• _Data shown_
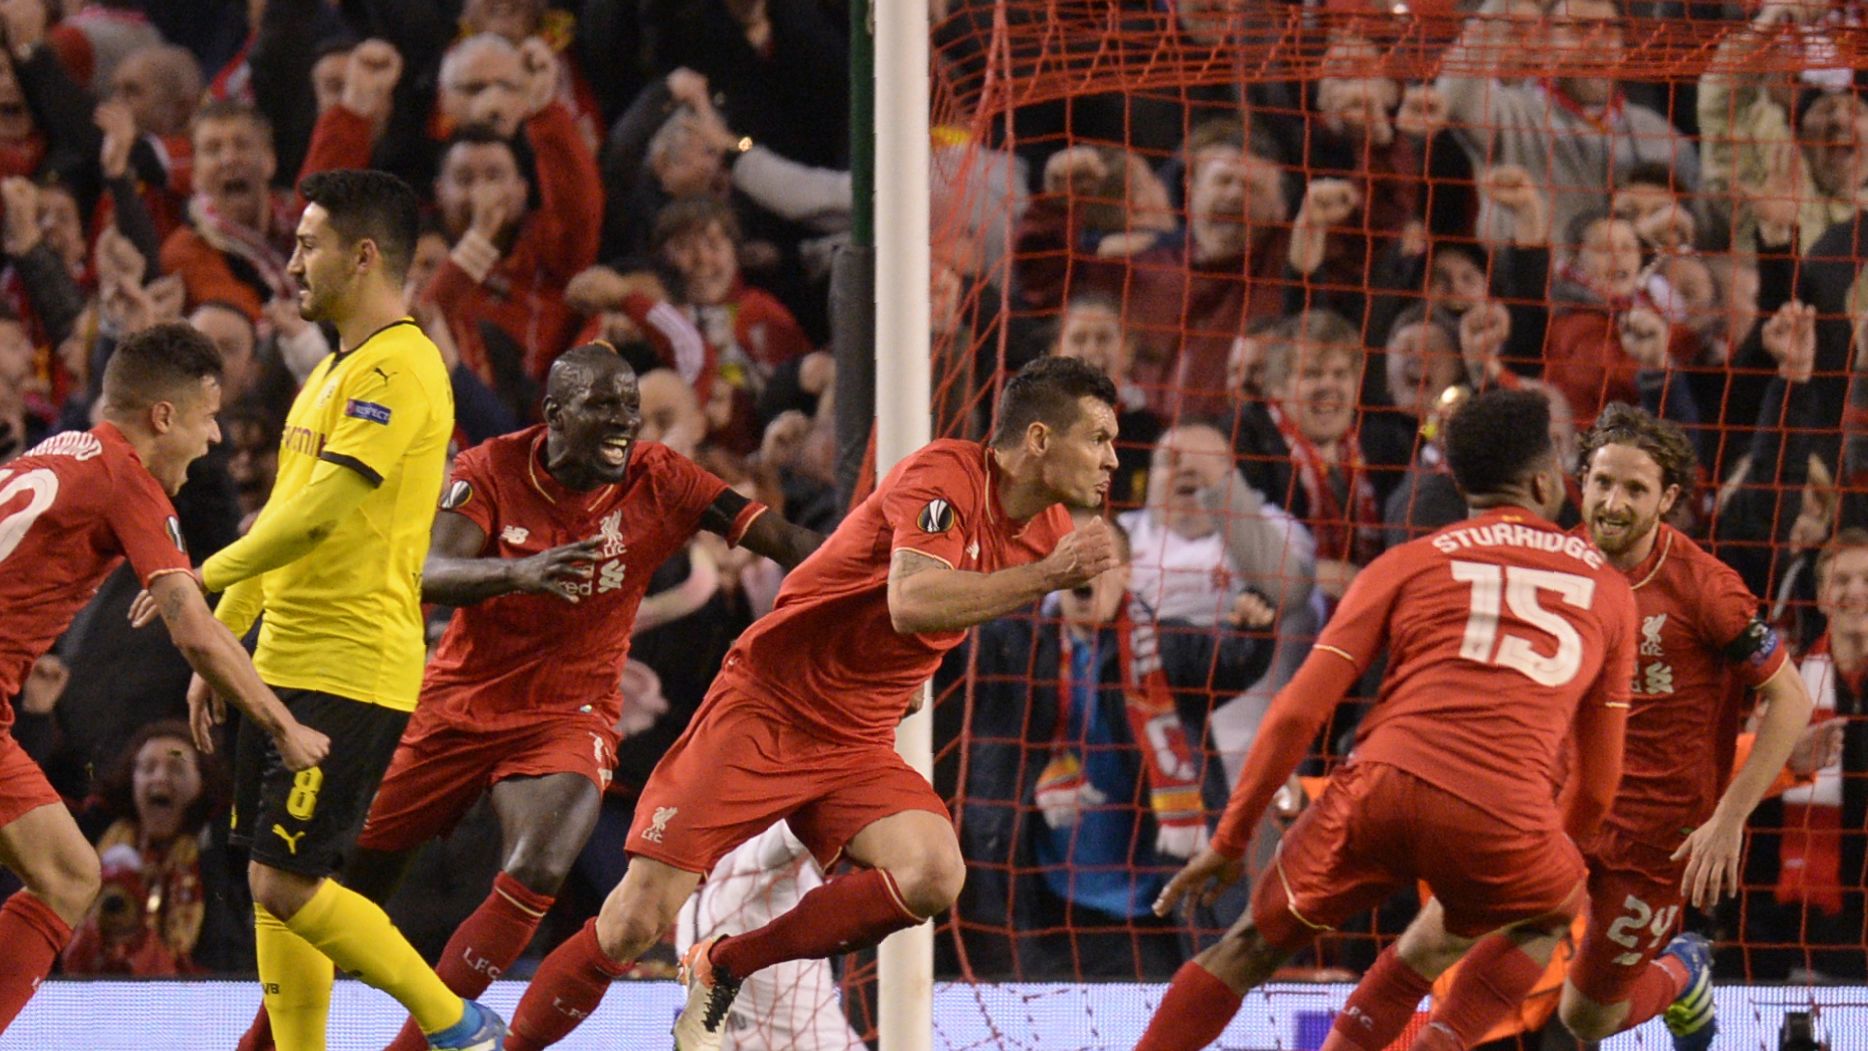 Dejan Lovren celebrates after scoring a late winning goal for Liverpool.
---
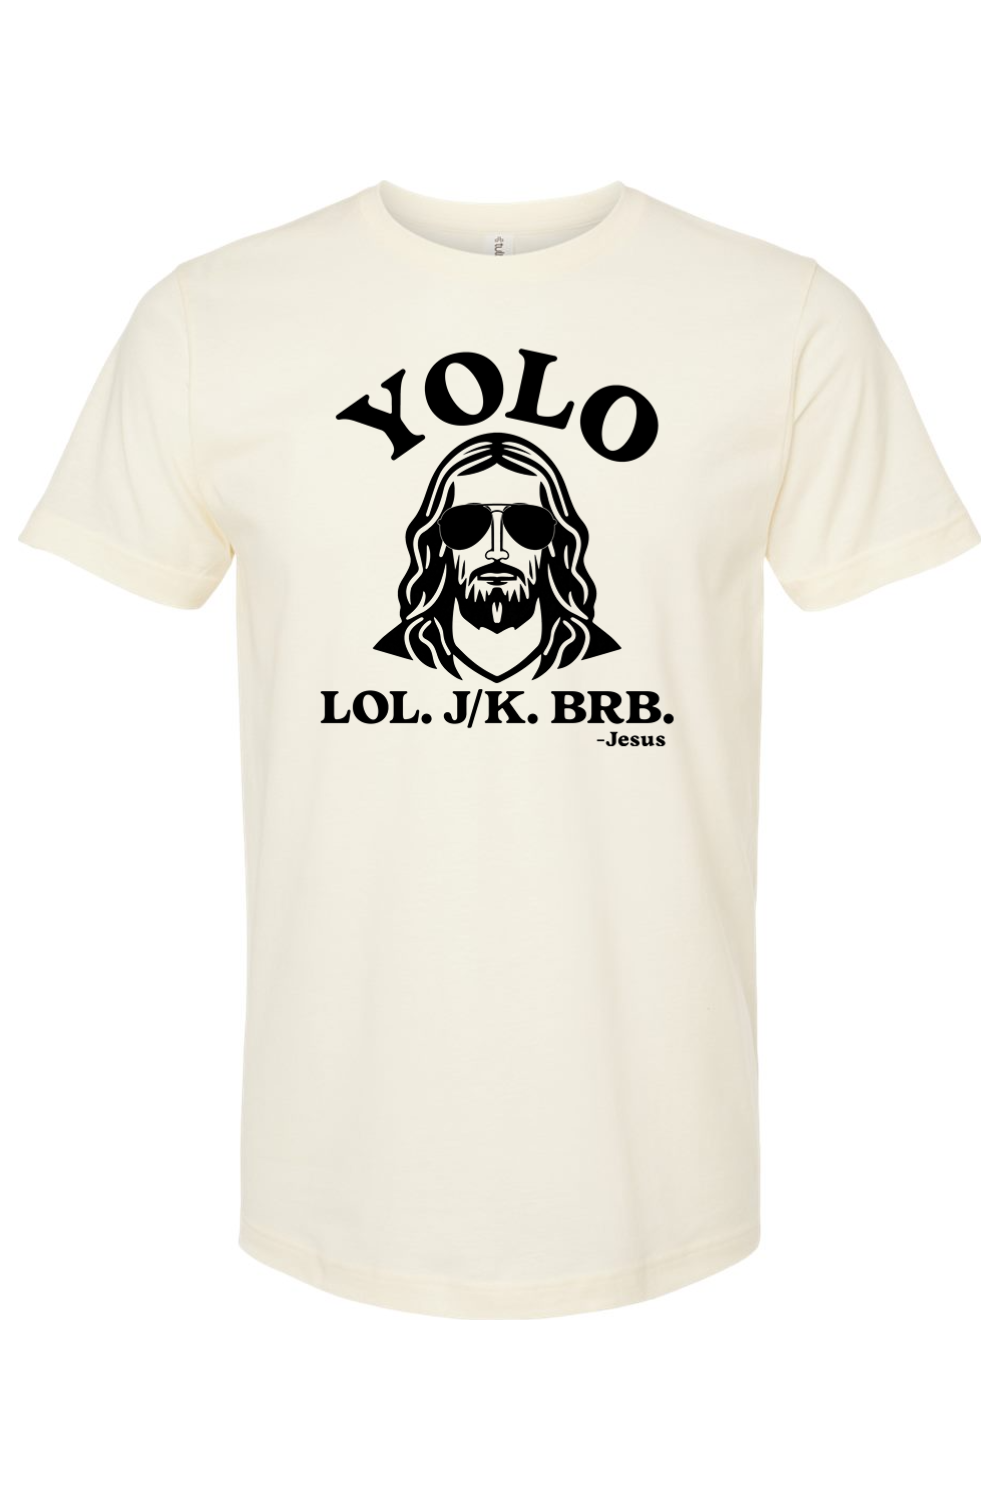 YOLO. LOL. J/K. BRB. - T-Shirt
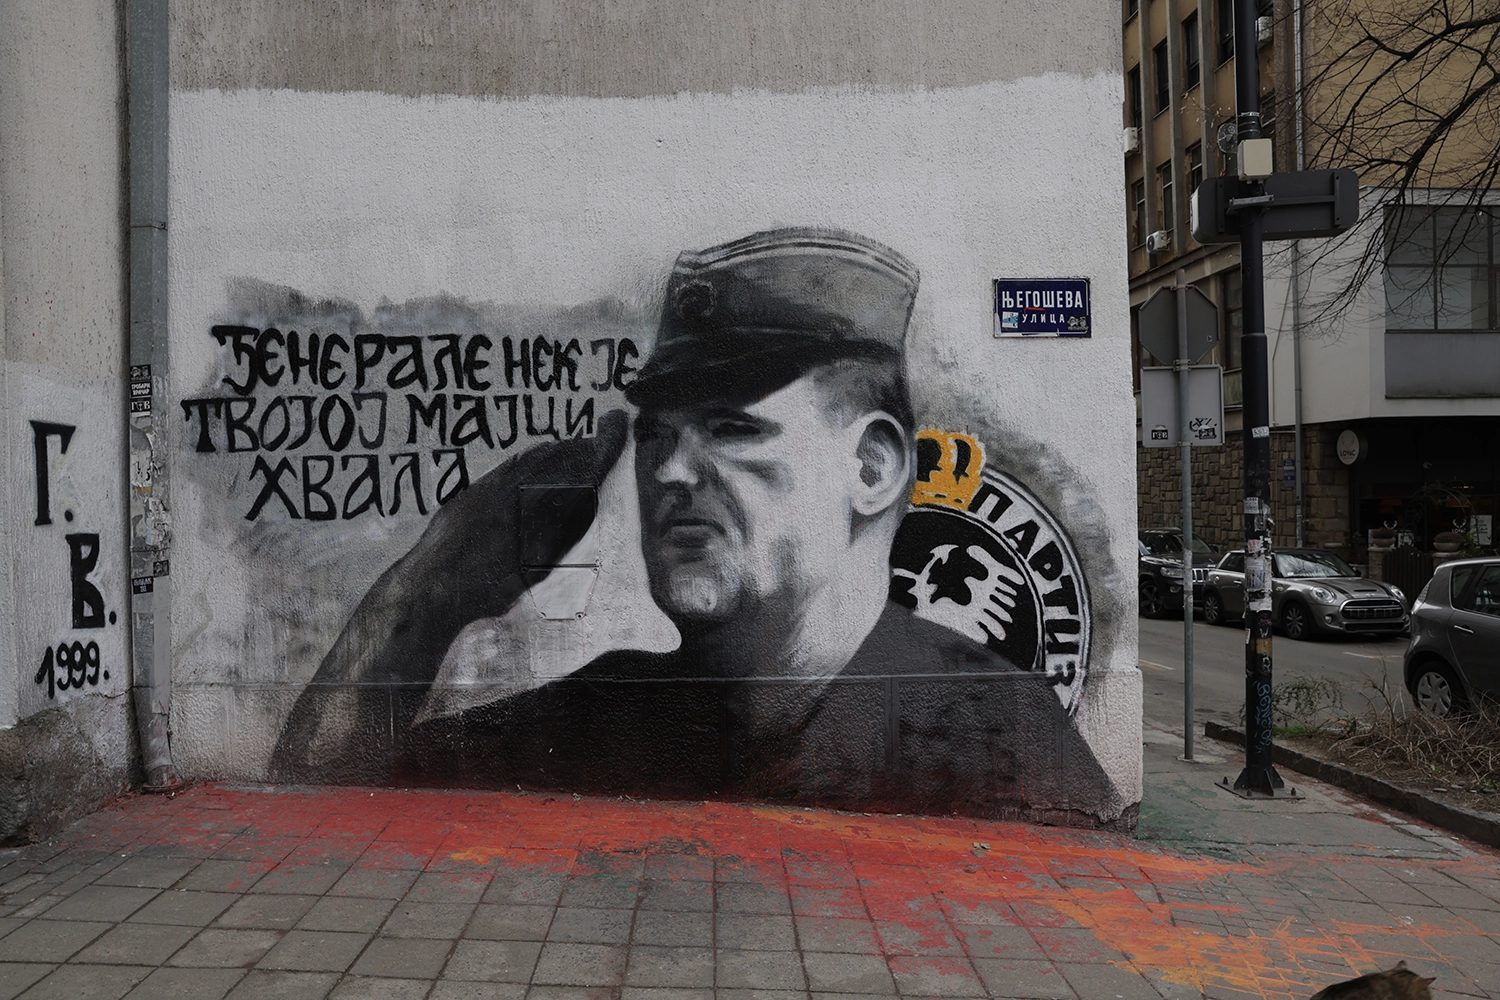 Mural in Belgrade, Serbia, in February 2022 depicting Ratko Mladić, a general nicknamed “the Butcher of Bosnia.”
---
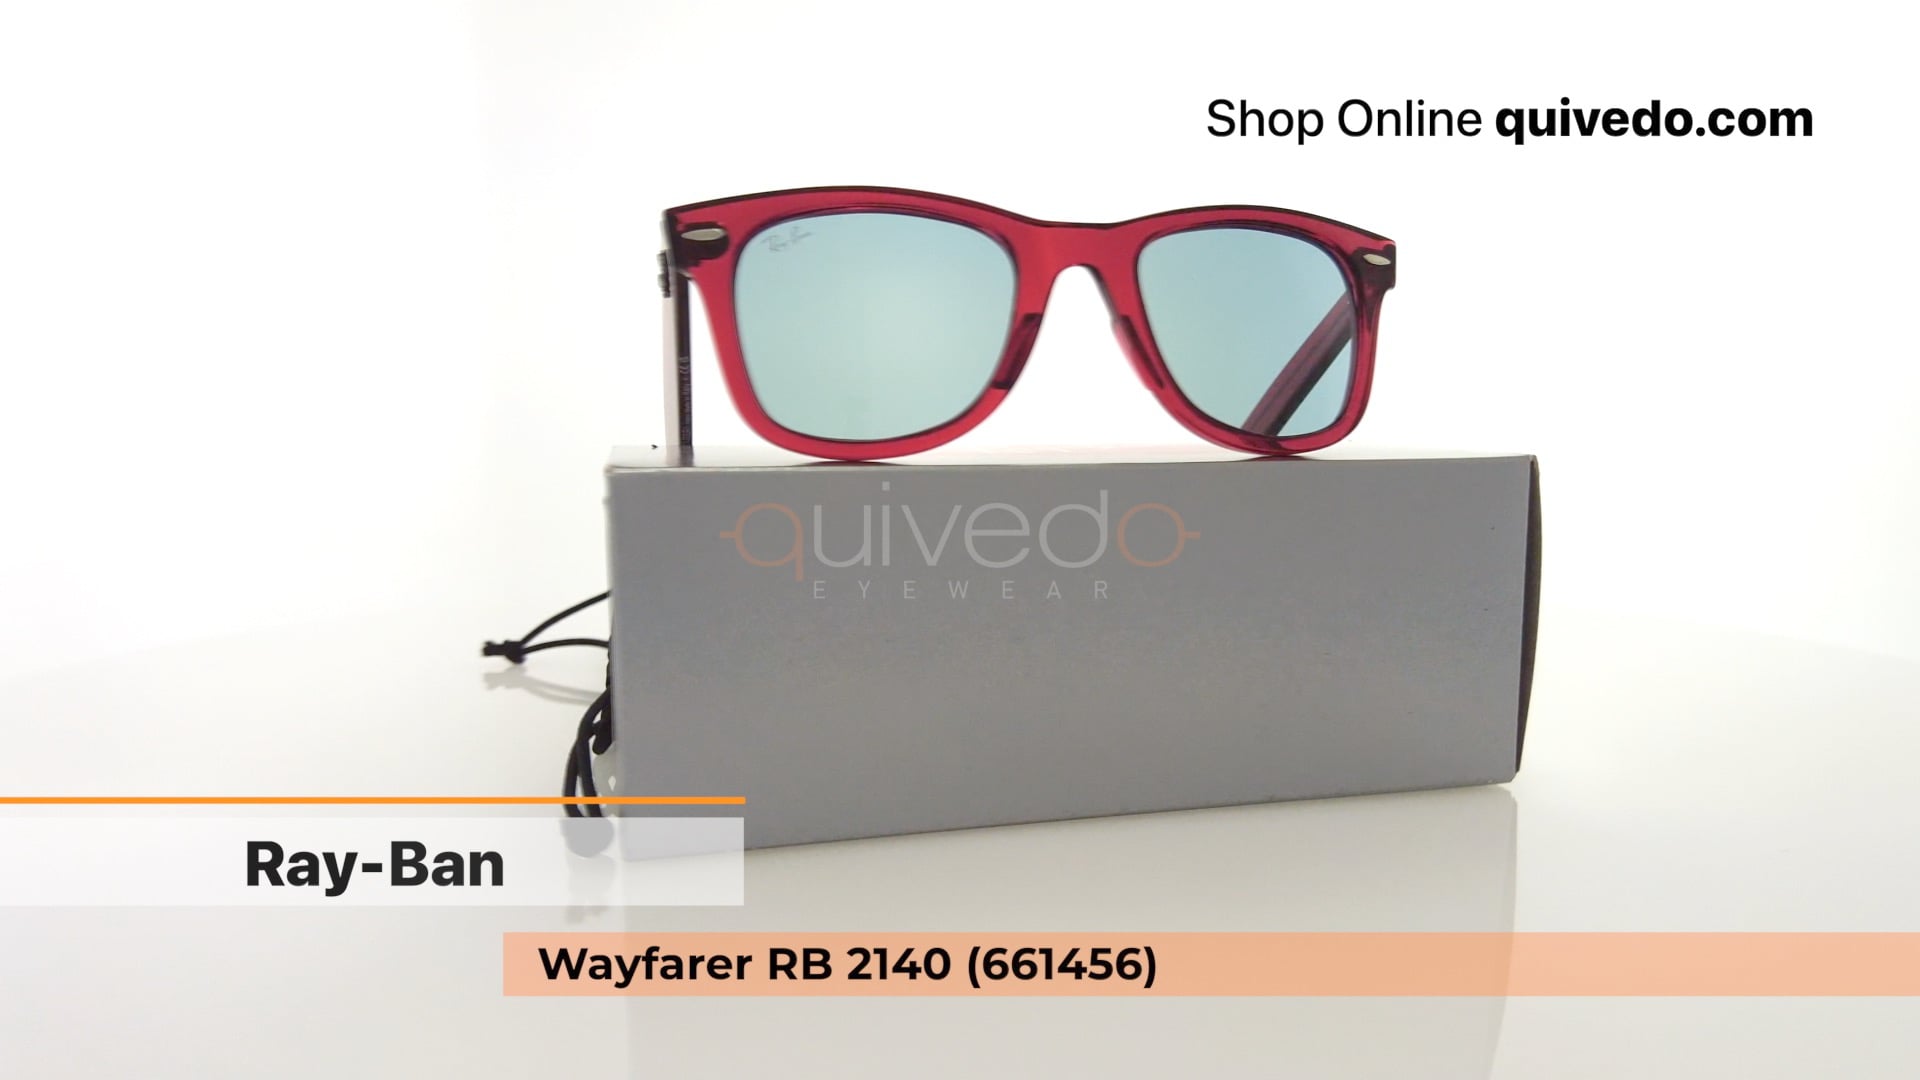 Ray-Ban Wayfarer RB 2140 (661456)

• _Your instructions_
Repeat exactly the lines above, beginning at the one containing "YOLO. LOL. J/K. BRB. - T-Shirt" and ending at the one containing "Mural in Belgrade, Serbia, in". Do not carry over any pictures.

• _Solution for this task_
 YOLO. LOL. J/K. BRB. - T-Shirt
 Mural in Belgrade, Serbia, in February 2022 depicting Ratko Mladić, a general nicknamed “the Butcher of Bosnia.”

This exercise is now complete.